I was reminded of this reality in a recent discussion with Al Rollins who served as Arlington’s city engineer, director of public works, director of utilities, city planner, all before becoming the city manager in a time span from 1956 to 1967.
Those were Arlington’s formative years in what we mark as the beginning of the city’s modern history.
General Motors had rolled off the first of the big car maker’s products in their new plant on the Southeast edge of the city. Residents were getting their drinking water from the new Lake Arlington following a contentious election to fund the lake that ensured the city’s rapid expansion.
An effort by Dallas and Fort Worth leaders to convince Major League Baseball to grant a new franchise for the area had ended when MLB owners had rejected the proposal that included the promise of an enclosed, air-conditioned domed stadium.
As former city manager Rollins explained, that failure wouldn’t be the end of the dream of professional baseball for Arlington.
Tarrant County Commissioner (who would become Judge) Howard Green was helping lead the development of a Fort Worth convention center. Al’s account: “He approached Tommy (those who served with Vandergriff still call him that) to secure his support for the bond election that was to be held to fund the new center.
“Tommy asked Howard, ‘Why should I do that? What’s in it for Arlington? If you are looking for our help, there’s something we want,’ and a deal was struck.
“The bond election was expanded to include funding for what was to become Turnpike Stadium and potentially host a minor league team.”
That election was held in 1964, and a majority of voters said “yes” to a proposal for a publicly funded ballpark.
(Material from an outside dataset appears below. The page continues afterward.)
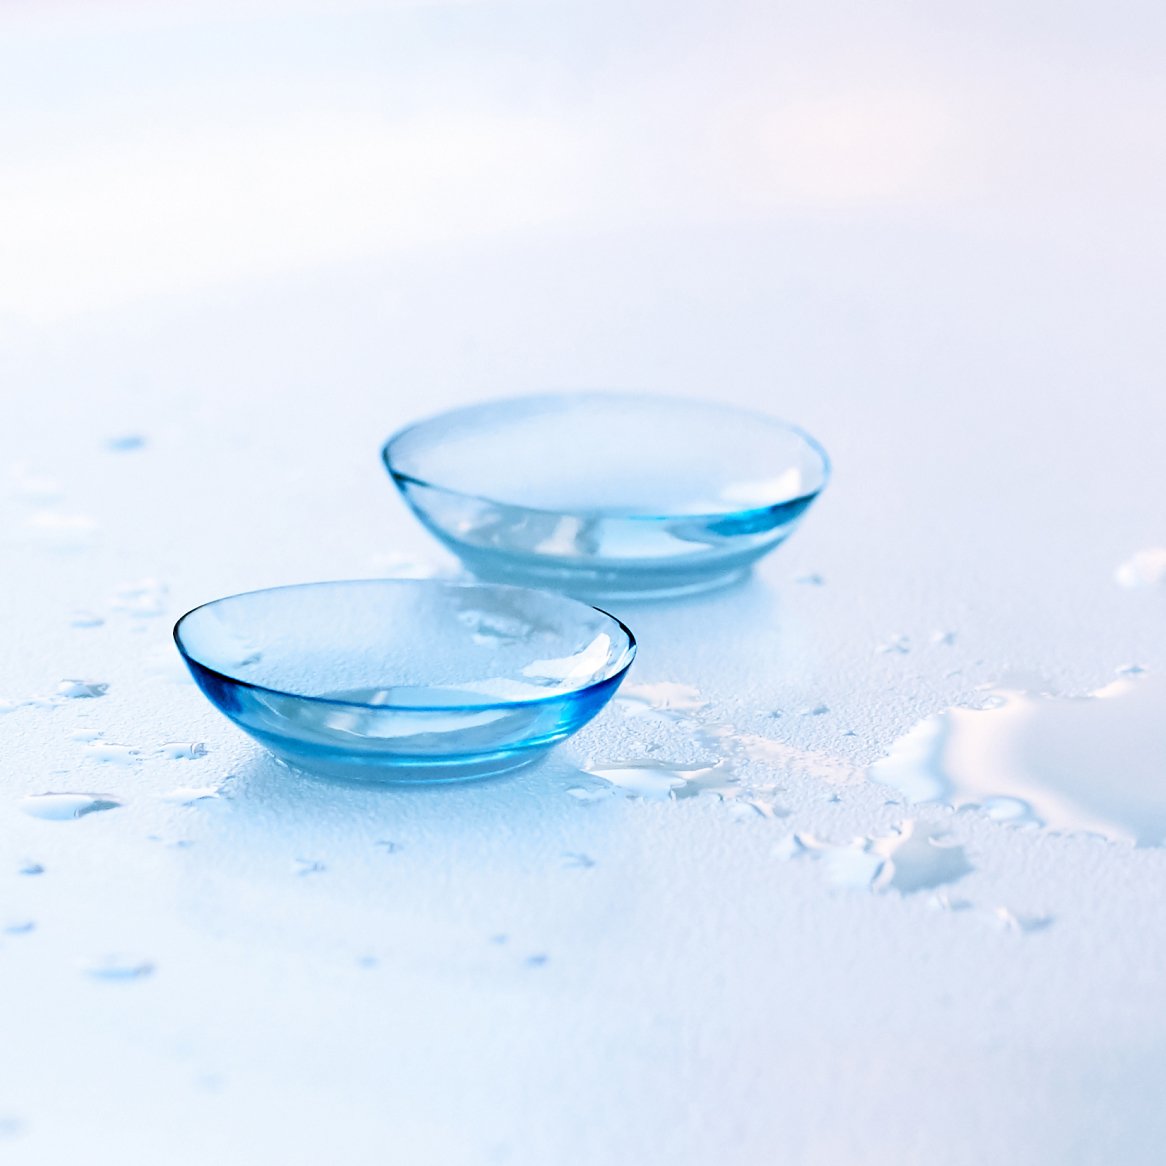 Close-up image of contact lenses that have gotten wet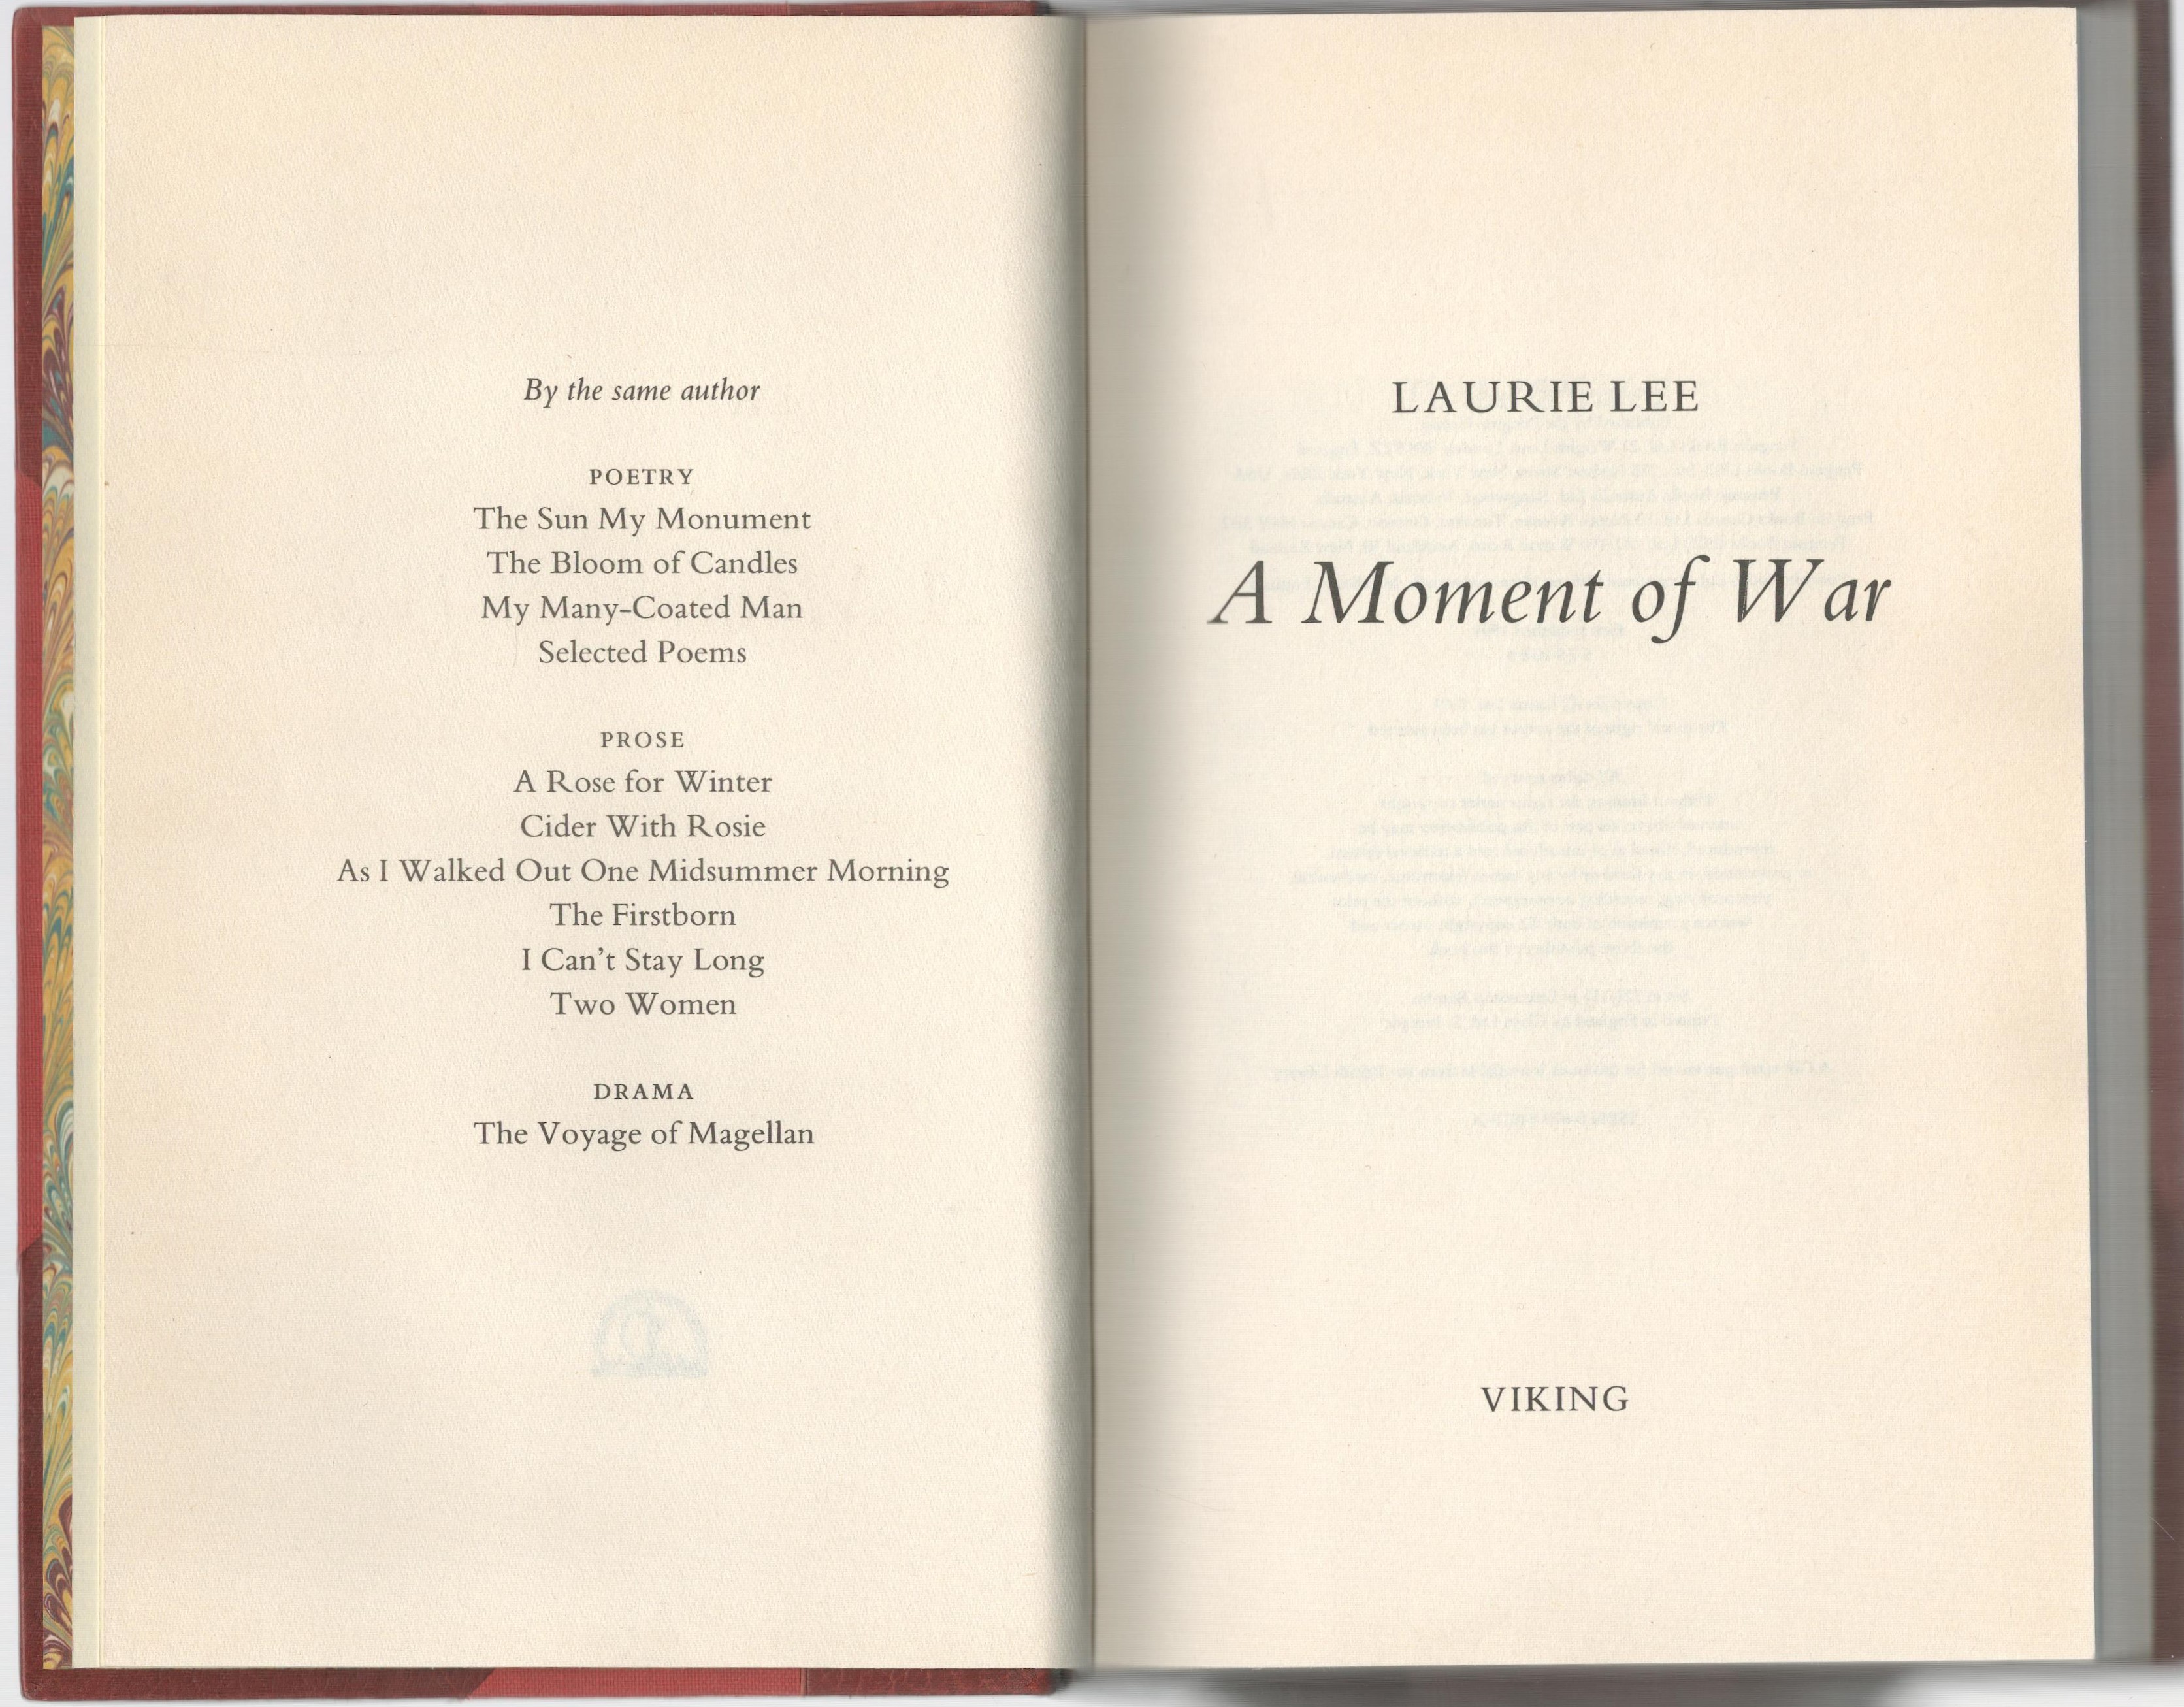 A Moment of War Hardback Book by Laurie Lee. Published in 1991. 178 Pages. Red Partial Cloth - Image 2 of 3

They would come back six years later and approve $10 million of new dollars to expand the little stadium and, importantly in years to come, acquire 132 surrounding acres for future development.
That makes twice even before the Rangers arrived in 1972 that voters had authorized tax money to support the city’s emergence as a Major League City.
Notwithstanding its many transformations, Arlington Stadium, as it had been renamed, would prove inadequate to support the growing cost of running a major league baseball team through the decade of the 1980s and beyond.
When new owners acquired the team in 1989, headlines blazed in the two Dallas newspapers with stories about how the Rangers would be moving there because a new ballpark would be required and only Dallas could handle such a project.
Dallas television stations would add to the “certainty” of the Rangers relocation. The coverage was accompanied by maps showing three Downtown Dallas sites where a new ballpark could be built and still another speculated in Irving near the Cowboy’s Stadium.
It wouldn’t be the first time Arlington and its can-do spirit would be woefully underestimated.
Following an aggressive plan to convince the new Rangers owners of the city’s capacity to meet the team’s needs, voters showed up in record numbers for a special election in January, 1991. They overwhelmingly approved a half-cent sales tax to support the city’s partnership with the team to provide its portion of the cost to build The Ballpark in Arlington.
Twenty-five years later with the need to provide players and fans alike relief from the oppressive summer heat, voters for the fourth time in the city’s history of supporting professional baseball said yes to the development of Globe Life Field.
Arlington will celebrate its 50th anniversary as a Major League City in less than two years, and now you know, thanks to the recollections of former City Manager Al Rollins, how it all began.